# LCD Or Plasma TV



## joshiks7 (Aug 15, 2011)

*LCD Or Plasma TV or LED backlit LCD*

Hi,

40 inches
Full HD
Maxi Rs 70k

Which among 3 to be chosen?
Kindly suggest brand/model


----------



## pulkitpopli2004 (Aug 15, 2011)

thread are already there... look at those only.. that may help

*www.thinkdigit.com/forum/tvs-monitors/145109-40-inch-led-tv-rs-60000-rs-70000-a.html


----------



## Sarath (Aug 15, 2011)

Plasma>LED>LCD

Thats the order of quality


----------



## joshiks7 (Aug 15, 2011)

Thanks


----------



## sygeek (Aug 15, 2011)

You should be good with a 40" Full HD LED TV.


----------



## santoshk87 (Aug 16, 2011)

Go for Panasonic 42" full HD plasma tv.. U get 3 years warranty. LED tv don't have more life when compared to plasma irrespective of the brand. And it is  47000 rs only. It has alpha IPS panel, for which samsung and sony cant even fair near to it. Superb pic quality without straining your eyes even for long tv-sessions. U ll get true-life colors. Just check it out once dude, u ll not regret it.


----------



## Sarath (Aug 16, 2011)

yeah plasmas have better picture quality but consume more power. 
We had a previous discussion about this and plasmas won. I own an LCD and still say this.

However, don't get confused here. Plasma's have less life than LCDs. But you don't have to worry. WHY?
Well both plasma and LCD will last you for a good 6odd years. Its just that LCDs have 1-2years more life. Now anyone would change their panel in 6years. So you don't even have to think about the life of a plasma. It was used as a gimmick before but now you know. Google it.


----------



## Zangetsu (Aug 16, 2011)

@joshiks7: A plasma wins when compared any day in terms of Display Quality.but each one has pros & cons.


----------



## joshiks7 (Aug 16, 2011)

hi 

thanks. Good info

Whether plasma is available in 30 inches?


----------



## aroraanant (Aug 18, 2011)

I think u must choose a LED...
You can get a Samsung 5 Series LED in that budget very easily


----------



## joshiks7 (Sep 11, 2011)

hi,

Should one opt for 3D? 
Whats 3D future in India?
Is it advisable to pay extra premium for 3D for day to day home use?

What should be the minimum ideal viewing distance for 32 inches and 42 inches TV?


----------



## jyotish (Sep 23, 2011)

joshiks7 said:


> hi,
> 
> Should one opt for 3D?
> Whats 3D future in India?
> ...



3D is new in India but going forward, its usage will increase.
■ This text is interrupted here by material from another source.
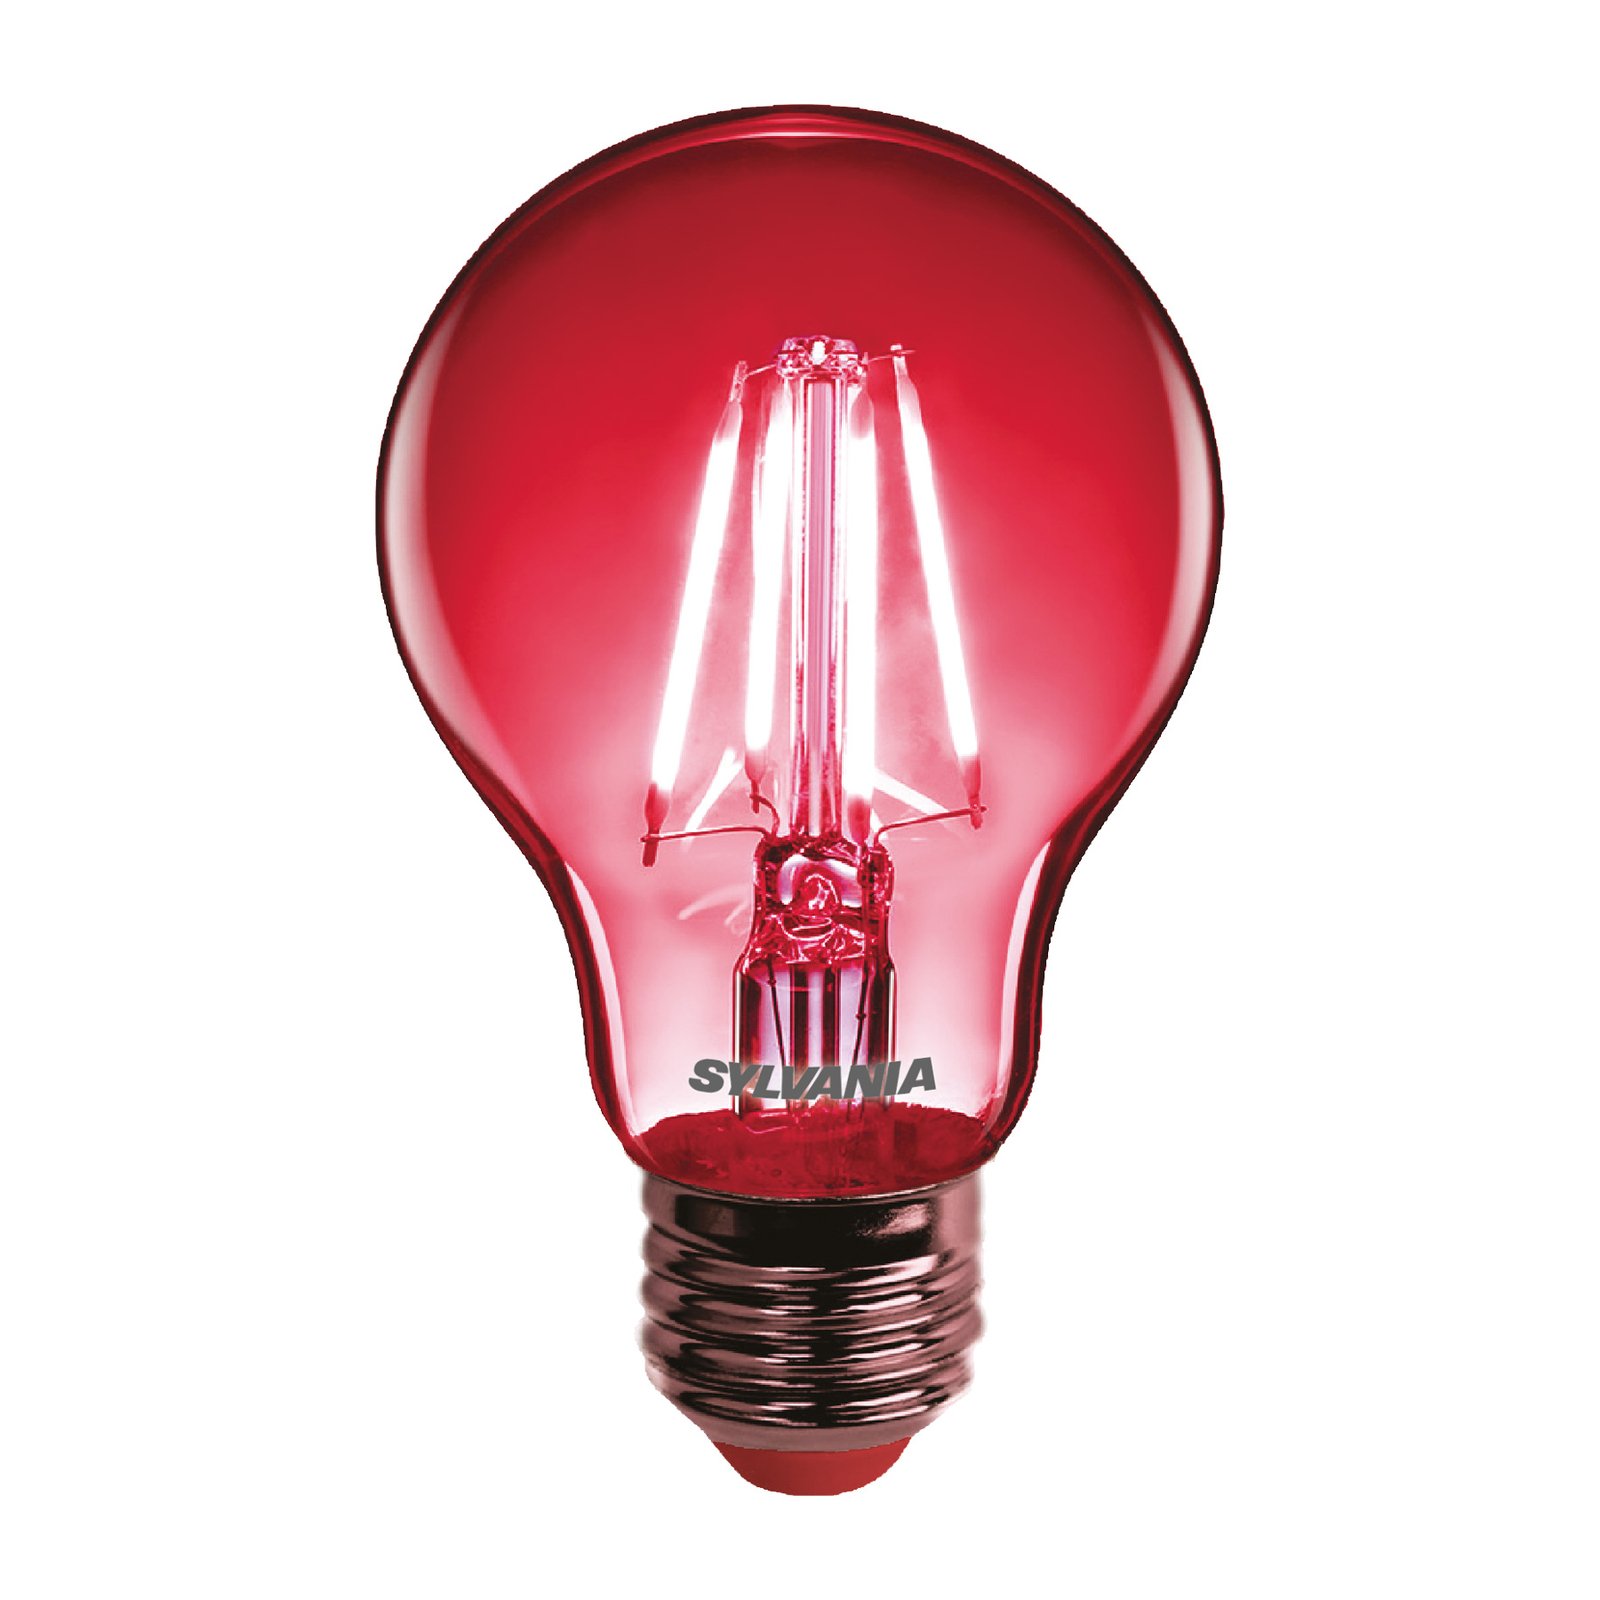 Sylvania ToLEDo rétro ampoule LED E27 4,1 W rouge

Give it 5 more years, then you will have many more moviews and games in 3 D. If this idea excites you then go for 3D. As of now there are few player in the 3D areana, LG is talking about it now but SOny was promoting it since last year. In fact they have 3d games, software, camcorder, Tv, galesse etc so that's like a wholesome 3D package as compared to just launched few products. If yiu think about 3D, go for SOny


----------